[Extracted data entries]
::::
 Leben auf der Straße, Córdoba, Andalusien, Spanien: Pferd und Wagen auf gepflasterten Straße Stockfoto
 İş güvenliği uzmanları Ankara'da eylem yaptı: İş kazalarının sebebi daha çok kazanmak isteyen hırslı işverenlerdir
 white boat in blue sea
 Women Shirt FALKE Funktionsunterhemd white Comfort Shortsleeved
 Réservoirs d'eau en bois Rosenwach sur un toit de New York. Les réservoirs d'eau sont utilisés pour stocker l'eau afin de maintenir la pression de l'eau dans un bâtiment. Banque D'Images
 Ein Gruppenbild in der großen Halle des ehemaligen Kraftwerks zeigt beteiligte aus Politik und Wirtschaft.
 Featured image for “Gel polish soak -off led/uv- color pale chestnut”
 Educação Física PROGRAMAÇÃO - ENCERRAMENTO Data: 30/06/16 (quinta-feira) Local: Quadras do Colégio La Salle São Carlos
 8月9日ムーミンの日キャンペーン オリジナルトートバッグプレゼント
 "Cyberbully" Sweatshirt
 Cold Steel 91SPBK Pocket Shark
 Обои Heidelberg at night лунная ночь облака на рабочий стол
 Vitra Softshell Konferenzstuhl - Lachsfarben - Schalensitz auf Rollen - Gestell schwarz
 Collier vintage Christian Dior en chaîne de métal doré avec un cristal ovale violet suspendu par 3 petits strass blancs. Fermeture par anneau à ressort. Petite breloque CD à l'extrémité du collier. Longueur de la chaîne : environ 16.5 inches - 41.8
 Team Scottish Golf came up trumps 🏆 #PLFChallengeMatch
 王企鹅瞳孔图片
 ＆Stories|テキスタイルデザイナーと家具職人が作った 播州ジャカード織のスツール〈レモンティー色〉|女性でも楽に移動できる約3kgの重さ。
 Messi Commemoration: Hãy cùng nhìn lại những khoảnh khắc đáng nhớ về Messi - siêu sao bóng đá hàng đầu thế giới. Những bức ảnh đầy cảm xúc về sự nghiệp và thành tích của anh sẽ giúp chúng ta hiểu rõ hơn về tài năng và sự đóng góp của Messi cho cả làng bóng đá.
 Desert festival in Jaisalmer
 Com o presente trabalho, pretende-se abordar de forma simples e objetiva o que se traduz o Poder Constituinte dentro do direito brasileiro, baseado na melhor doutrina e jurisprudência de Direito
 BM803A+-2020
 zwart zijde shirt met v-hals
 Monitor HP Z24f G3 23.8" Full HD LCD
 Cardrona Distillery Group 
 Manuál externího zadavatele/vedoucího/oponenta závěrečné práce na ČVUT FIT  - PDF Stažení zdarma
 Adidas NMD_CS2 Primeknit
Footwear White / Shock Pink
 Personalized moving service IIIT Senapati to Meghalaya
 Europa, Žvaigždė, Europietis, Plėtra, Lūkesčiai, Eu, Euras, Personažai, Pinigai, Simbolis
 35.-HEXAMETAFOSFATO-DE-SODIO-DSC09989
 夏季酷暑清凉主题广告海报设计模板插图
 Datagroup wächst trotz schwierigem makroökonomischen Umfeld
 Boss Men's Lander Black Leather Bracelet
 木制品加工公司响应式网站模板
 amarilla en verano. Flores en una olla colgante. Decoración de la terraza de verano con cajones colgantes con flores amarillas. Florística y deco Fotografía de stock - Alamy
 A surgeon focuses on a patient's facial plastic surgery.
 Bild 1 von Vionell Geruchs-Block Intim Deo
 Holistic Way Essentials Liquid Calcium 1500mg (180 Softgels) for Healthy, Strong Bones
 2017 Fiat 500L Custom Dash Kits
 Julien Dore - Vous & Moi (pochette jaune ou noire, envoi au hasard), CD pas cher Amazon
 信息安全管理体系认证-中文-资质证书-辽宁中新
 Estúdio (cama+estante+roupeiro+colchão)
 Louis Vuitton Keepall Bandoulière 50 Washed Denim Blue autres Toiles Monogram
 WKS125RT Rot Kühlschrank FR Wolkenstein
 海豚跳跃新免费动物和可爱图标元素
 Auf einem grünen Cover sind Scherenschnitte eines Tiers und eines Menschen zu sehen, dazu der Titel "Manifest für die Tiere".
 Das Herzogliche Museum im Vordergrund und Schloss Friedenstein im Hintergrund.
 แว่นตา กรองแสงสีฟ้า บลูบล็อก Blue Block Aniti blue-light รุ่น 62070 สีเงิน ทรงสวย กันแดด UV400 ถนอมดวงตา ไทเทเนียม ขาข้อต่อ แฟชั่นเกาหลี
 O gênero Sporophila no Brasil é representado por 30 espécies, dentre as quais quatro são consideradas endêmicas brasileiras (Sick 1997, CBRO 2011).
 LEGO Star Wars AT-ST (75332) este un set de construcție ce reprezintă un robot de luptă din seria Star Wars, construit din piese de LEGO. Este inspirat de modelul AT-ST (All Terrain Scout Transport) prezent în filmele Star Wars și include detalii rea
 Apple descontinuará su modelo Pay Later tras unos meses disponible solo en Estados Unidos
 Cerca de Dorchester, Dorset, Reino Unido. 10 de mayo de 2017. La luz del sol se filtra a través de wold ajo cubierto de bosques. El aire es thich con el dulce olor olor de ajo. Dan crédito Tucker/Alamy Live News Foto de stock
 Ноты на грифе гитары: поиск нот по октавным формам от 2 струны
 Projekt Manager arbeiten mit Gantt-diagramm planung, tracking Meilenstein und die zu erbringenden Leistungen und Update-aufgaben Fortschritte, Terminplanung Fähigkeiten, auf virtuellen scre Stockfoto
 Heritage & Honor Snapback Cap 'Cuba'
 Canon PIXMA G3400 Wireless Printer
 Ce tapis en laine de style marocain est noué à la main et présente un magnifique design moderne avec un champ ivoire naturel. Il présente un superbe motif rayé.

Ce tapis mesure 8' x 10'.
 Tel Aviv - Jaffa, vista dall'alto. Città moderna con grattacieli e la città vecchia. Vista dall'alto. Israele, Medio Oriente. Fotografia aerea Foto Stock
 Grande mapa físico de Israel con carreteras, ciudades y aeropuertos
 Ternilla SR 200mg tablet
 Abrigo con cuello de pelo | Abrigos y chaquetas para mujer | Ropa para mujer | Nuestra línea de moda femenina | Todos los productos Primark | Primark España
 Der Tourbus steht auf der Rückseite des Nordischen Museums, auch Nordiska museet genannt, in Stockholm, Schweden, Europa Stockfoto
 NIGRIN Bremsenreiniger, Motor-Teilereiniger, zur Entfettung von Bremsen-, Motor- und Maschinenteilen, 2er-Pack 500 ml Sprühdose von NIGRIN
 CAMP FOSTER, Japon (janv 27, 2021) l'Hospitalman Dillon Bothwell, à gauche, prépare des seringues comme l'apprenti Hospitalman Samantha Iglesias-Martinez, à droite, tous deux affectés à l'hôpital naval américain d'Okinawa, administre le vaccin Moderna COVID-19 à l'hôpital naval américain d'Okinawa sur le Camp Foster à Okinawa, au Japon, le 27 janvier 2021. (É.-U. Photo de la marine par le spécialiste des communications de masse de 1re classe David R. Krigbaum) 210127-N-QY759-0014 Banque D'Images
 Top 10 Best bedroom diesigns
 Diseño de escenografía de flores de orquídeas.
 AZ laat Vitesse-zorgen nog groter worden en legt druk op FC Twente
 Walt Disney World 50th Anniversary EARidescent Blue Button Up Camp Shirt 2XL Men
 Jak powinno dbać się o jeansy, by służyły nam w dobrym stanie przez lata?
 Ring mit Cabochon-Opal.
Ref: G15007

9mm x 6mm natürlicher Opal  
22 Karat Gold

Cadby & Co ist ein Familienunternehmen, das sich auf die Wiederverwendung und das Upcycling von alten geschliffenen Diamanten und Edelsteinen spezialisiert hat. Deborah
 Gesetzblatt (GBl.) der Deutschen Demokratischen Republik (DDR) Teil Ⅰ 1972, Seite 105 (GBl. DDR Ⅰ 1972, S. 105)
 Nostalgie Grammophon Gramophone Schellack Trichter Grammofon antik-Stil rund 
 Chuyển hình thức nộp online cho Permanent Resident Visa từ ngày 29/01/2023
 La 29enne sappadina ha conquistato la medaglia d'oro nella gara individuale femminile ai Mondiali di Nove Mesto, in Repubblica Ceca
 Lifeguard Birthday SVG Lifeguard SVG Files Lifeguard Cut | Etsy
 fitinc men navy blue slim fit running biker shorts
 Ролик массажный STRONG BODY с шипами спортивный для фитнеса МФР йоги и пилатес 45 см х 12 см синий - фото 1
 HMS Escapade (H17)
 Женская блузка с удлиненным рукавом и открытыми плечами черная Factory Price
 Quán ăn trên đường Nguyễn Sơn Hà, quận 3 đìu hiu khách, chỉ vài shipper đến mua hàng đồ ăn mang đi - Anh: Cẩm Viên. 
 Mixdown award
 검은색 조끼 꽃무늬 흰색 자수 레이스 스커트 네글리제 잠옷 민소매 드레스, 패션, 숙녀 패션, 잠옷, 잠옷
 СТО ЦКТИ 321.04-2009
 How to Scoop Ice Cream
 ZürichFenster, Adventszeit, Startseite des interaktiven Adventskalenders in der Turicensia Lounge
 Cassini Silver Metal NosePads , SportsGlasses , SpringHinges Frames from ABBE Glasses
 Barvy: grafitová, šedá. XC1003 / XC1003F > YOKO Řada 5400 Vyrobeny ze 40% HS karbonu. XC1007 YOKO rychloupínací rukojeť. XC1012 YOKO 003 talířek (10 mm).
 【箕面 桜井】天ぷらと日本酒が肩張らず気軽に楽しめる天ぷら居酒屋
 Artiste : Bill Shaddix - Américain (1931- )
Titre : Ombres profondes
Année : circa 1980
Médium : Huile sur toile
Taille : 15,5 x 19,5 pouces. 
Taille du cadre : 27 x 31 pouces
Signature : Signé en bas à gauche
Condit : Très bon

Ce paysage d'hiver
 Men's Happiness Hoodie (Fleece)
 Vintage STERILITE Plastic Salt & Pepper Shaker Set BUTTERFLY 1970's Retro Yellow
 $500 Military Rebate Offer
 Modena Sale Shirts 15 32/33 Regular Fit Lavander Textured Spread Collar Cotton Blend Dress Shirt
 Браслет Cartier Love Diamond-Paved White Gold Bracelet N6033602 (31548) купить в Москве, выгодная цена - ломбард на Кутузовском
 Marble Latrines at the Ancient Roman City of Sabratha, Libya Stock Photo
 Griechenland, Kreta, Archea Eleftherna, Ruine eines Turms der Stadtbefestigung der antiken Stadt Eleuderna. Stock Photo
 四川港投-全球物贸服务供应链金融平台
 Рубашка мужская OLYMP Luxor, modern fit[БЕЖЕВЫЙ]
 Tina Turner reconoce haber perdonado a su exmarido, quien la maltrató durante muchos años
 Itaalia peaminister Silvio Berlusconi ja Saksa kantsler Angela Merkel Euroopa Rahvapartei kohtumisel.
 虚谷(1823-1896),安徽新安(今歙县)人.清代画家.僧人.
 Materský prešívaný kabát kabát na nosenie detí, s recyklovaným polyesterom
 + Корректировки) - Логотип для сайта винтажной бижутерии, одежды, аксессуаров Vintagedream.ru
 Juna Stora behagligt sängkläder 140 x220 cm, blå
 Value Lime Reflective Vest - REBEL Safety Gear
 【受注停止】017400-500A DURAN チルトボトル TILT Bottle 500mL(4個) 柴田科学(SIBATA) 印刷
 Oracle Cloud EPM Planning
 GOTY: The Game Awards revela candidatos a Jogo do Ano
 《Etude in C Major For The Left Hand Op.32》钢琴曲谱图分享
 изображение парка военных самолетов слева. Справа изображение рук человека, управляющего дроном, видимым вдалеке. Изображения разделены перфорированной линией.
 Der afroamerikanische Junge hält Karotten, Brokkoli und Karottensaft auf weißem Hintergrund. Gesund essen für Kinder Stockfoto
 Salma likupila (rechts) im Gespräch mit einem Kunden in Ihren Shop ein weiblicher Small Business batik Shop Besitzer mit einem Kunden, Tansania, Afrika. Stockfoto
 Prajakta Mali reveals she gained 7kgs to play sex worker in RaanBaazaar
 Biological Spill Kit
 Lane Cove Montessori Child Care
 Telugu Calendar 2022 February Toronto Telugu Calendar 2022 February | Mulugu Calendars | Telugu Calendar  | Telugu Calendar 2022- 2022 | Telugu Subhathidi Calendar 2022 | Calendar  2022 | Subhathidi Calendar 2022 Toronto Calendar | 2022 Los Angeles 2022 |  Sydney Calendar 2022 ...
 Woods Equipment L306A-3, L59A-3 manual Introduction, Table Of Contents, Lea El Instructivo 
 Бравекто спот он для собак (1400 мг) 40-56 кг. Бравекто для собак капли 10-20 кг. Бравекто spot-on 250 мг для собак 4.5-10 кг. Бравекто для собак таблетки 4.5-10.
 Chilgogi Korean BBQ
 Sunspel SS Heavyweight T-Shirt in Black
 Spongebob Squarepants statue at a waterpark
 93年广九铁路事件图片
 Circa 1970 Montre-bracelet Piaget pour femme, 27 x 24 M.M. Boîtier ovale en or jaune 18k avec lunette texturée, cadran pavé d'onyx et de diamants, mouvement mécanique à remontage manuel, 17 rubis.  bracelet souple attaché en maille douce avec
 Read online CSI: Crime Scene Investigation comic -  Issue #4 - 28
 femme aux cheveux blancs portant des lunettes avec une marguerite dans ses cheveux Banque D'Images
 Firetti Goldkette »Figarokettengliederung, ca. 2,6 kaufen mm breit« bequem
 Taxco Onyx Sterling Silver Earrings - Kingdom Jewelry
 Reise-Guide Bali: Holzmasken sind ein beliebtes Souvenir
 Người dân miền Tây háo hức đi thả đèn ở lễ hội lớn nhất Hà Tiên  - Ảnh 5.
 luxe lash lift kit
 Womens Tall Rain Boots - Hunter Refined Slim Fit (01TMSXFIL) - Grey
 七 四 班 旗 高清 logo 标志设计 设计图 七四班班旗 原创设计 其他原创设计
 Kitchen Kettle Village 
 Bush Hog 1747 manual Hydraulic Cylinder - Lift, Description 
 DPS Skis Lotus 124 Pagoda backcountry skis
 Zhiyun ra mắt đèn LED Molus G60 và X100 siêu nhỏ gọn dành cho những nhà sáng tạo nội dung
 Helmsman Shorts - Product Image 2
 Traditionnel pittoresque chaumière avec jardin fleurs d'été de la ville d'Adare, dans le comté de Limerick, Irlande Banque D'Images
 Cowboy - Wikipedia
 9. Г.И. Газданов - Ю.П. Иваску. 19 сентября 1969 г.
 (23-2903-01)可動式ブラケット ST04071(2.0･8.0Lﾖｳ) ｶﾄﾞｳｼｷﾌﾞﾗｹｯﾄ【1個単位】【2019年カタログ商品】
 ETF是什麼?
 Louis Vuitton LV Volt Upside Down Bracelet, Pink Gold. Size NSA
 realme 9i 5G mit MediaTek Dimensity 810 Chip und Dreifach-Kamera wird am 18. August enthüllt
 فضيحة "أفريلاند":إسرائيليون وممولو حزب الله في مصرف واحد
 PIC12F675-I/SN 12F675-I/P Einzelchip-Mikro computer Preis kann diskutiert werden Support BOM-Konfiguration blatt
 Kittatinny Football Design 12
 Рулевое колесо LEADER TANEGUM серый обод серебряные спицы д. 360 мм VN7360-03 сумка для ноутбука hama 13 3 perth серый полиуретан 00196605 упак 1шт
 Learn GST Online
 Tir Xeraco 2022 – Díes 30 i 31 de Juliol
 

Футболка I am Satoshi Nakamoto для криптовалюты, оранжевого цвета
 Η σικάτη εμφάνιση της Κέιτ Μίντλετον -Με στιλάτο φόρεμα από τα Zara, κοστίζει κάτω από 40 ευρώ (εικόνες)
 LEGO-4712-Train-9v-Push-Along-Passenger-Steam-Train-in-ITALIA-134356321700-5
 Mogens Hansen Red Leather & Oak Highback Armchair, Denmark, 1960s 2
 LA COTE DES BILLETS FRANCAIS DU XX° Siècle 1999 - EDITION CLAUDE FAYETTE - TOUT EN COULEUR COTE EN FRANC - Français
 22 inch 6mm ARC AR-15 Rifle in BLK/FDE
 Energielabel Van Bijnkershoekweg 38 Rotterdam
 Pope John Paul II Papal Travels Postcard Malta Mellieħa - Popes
::::
- [DESCRIPTION OF THE TASK]:
Would you output, from the records above, exactly the run of lines that starts at the line containing "Женская блузка с" and ends at the line containing "СТО ЦКТИ 321.04-2009", and only that run?

- [EXERCISE RESPONSE]:
 Женская блузка с удлиненным рукавом и открытыми плечами черная Factory Price
 Quán ăn trên đường Nguyễn Sơn Hà, quận 3 đìu hiu khách, chỉ vài shipper đến mua hàng đồ ăn mang đi - Anh: Cẩm Viên. 
 Mixdown award
 검은색 조끼 꽃무늬 흰색 자수 레이스 스커트 네글리제 잠옷 민소매 드레스, 패션, 숙녀 패션, 잠옷, 잠옷
 СТО ЦКТИ 321.04-2009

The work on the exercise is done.